How to prepare Stick to pureed food first. Use a blender or a food processor to puree your child's food. If you're feeding him for the very first time, mix in breastmilk until the consistency is runny, says nutrition coach and mom Renee Rose Rodrigo.
“When foods of inappropriate consistency are offered, the child may be unable to consume more than a trivial amount, or may take so long to eat that food intake is compromised,” says the guidelines.
Mastered pureed food? Gradually increase food consistency as he gets older. Try mashed foods next, and then move to semi-solid foods. Make sure everything you give your baby is very soft and easy to swallow.

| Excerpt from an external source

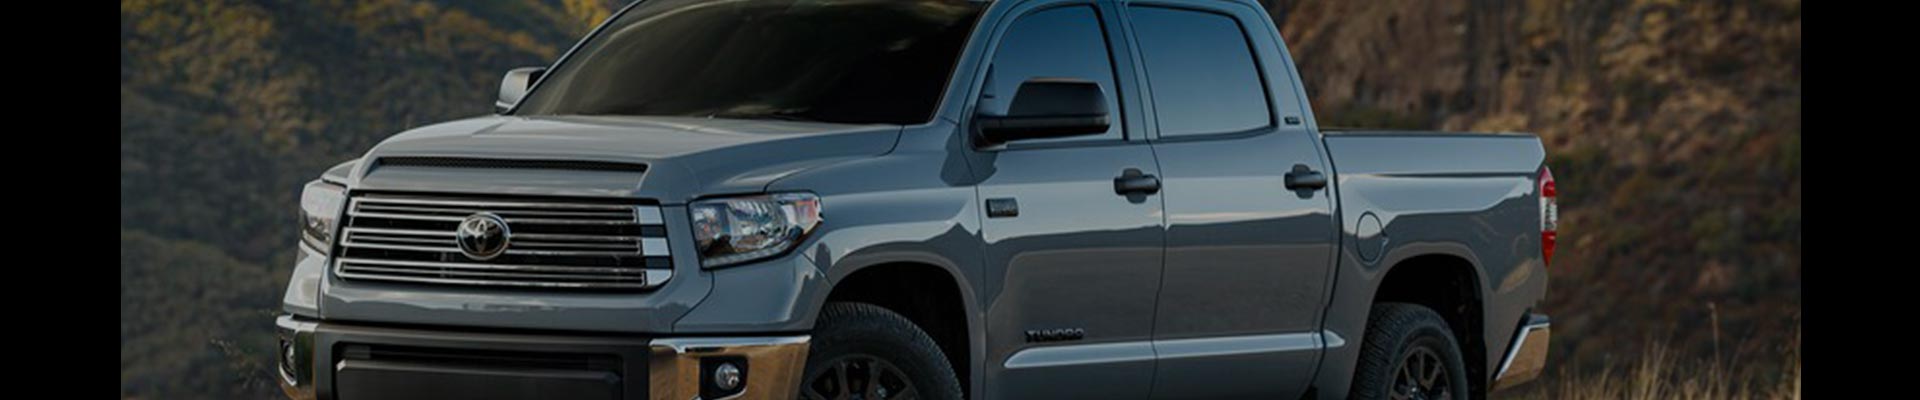 Shop Replacement and OEM 2012 Toyota Tundra Parts with Discounted Price on the Net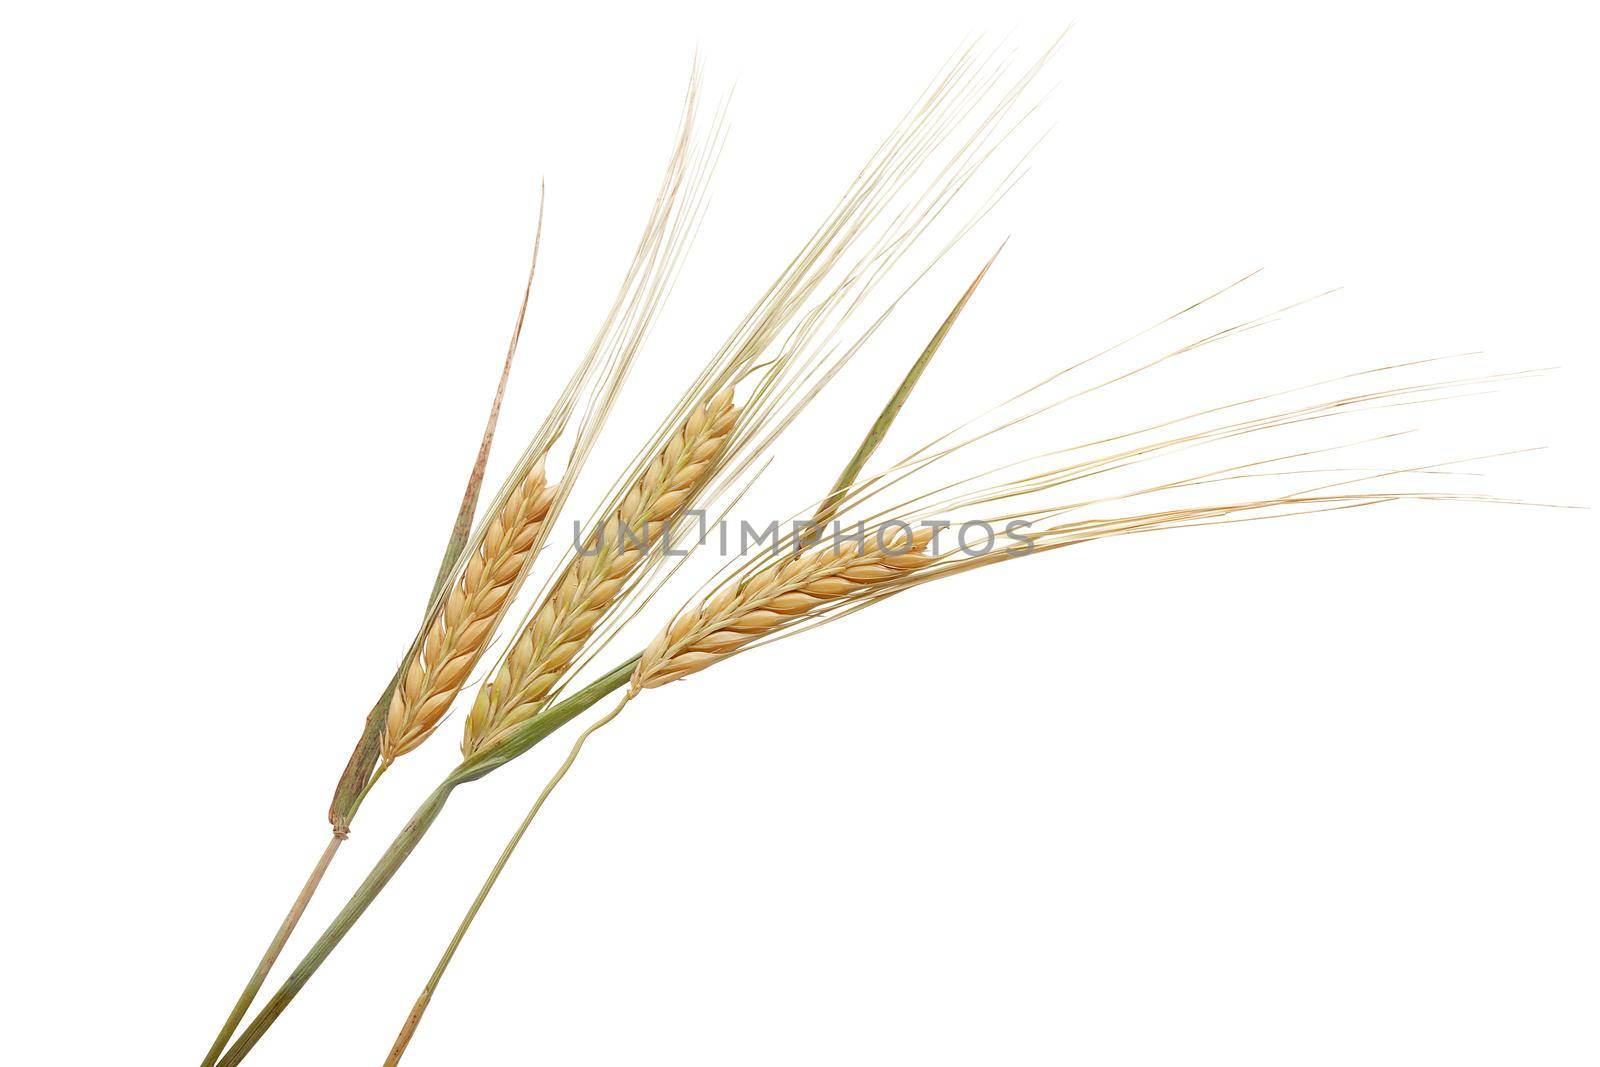 Spikelets of barley by Angorius

At 8 months, your child may be ready for “finger foods” or food that he can hold and eat by himself. This must be soft as well, easy to swallow and cut into small pieces. Avoid choking hazards like whole grapes, marshmallows and white bread. Try scrambled eggs, well-cooked pasta, and well-cooked, finely chopped chicken.
Find recipes for babies 7 to 8 months old by a nutrition coach here.
Tips to remember when feeding your infant 1. Be sensitive to your child’s hunger cues. Just like how it is with breastfeeding, be observant on behaviors your child exhibits when he’s hungry. These may be the perfect times to feed him. 2. Take it slow and be patient. Remember, your child is new to this. He will need a lot of love and understanding from you. 3. Encourage your baby to eat. This may improve your child’s dietary intake, says WHO. Doesn’t hurt to try the good ol’ “here comes the choo-choo train” method, right? Don’t force your child to eat if he doesn’t want to, however. 4. Minimize distractions. If your child loses interest in his food quickly, take away toys and objects that are grabbing his attention. Keep him focused on you and his food by making mealtimes more engaging. 5. Talk to your child while you feed him. Maintain eye contact and be in the moment. “Feeding times are periods of learning and love,” says the guide.